Como o gigantesco trabalho de
procurar uma gravura de Santa Marta, quase em desespero encontrar uma do
tamanho de uma impressão digital, emoldurá-la e pôr a minúscula surpresa no
quarto da sua neta Marta no Alentejo.
Como resolver tirar os cursos de Filosofia
e de Teologia depois dos cinquenta anos.
Como fazer vestidos para as
bonecas e tricotar meias.
Como ter um programa sobre
História de Arte na televisão que dava os primeiros passos (gostava tanto de
poder vê-lo...) e durante dois anos um programa na Rádio Renascença sobre
crianças.
Como ensinar-me a ler usando
recortes de revistas colados em folhas num dossiê e rir-se quando esta
devoradora de letras de cinco anos perguntava o que era um final emocionante.

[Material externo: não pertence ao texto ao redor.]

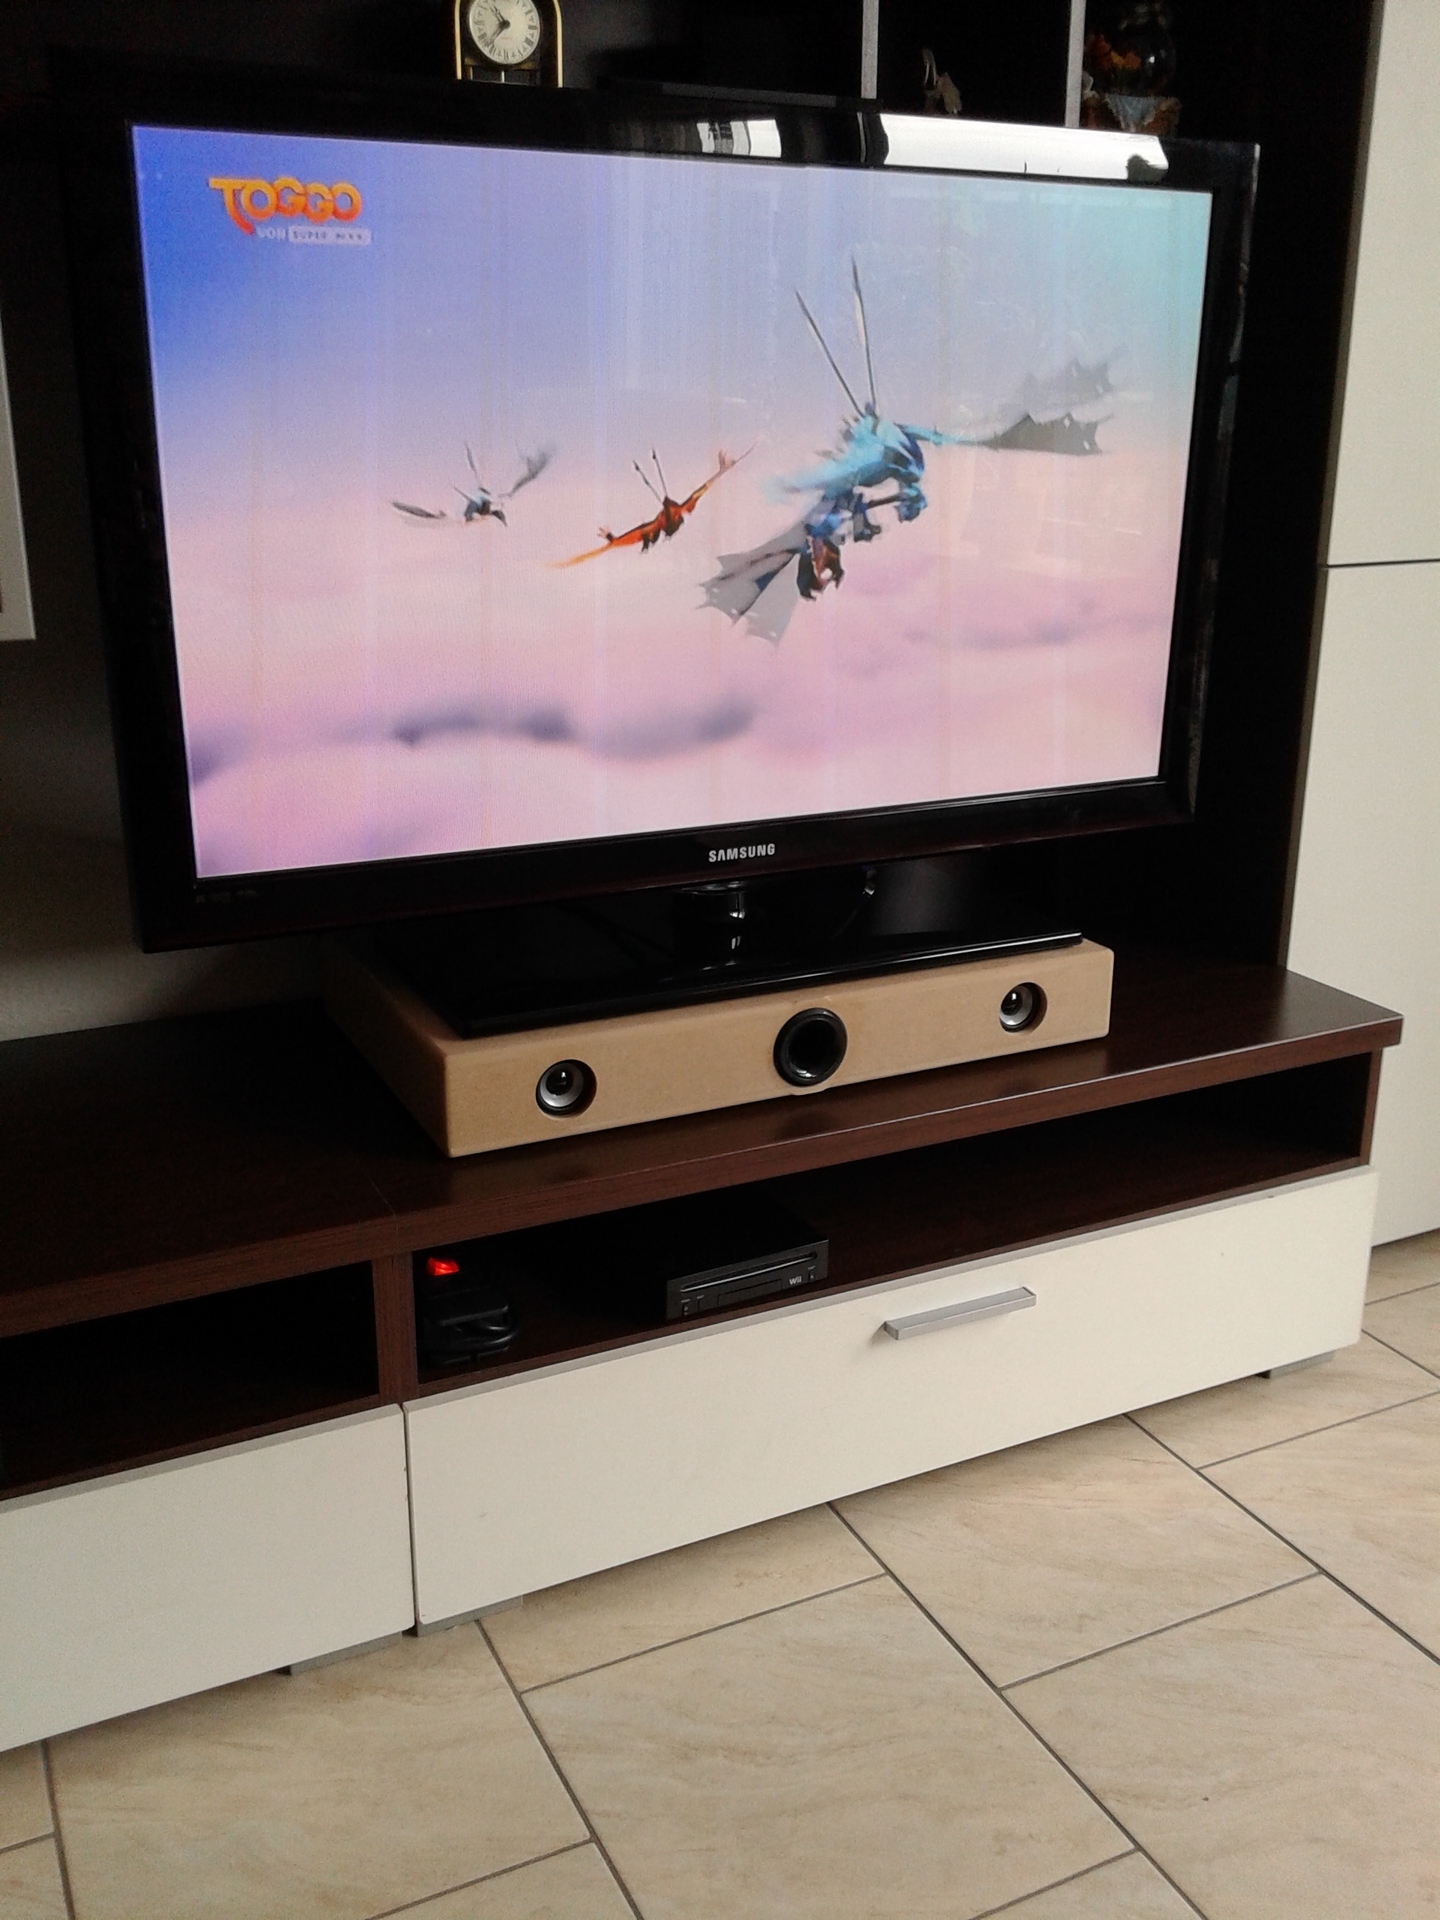 soundbar eigenbau eigenbau soundbar hifi bildergalerie. Black Bedroom Furniture Sets. Home Design Ideas

Como criar uma espécie de banda
desenhada relatando as eleições de Portalegre de 1949 com as listas da oposição
e noutra uma visita a Inglaterra com a irmã.
Como fazer um caderno de palavras
cruzadas inventadas só para mim.
Como desenhar de uma forma maravilhosamente
simples e bela.
Como escrever uma história a
meias com os três filhos, num Verão em São Martinho do Porto, inspirada no Eça de
Queiroz e no Ramalho Ortigão.
Como ter escrito para jornais e
revistas, como a Ao Largo, o Diário de Notícias, o Diário Ilustrado...
Como inventar as aventuras da
História Qualquer (Ó mãe conte uma história! Que história? Uma história
qualquer!) que duravam exactamente o tempo de viagem ao domingo, entre a casa
da avó no Estoril e a nossa casa em Lisboa.
Como colaborar na revista do
Ministério da Cultura, no tempo do David Mourão-Ferreira e do Lima de Freitas,
numa das quais entrevistou a Sarah Afonso.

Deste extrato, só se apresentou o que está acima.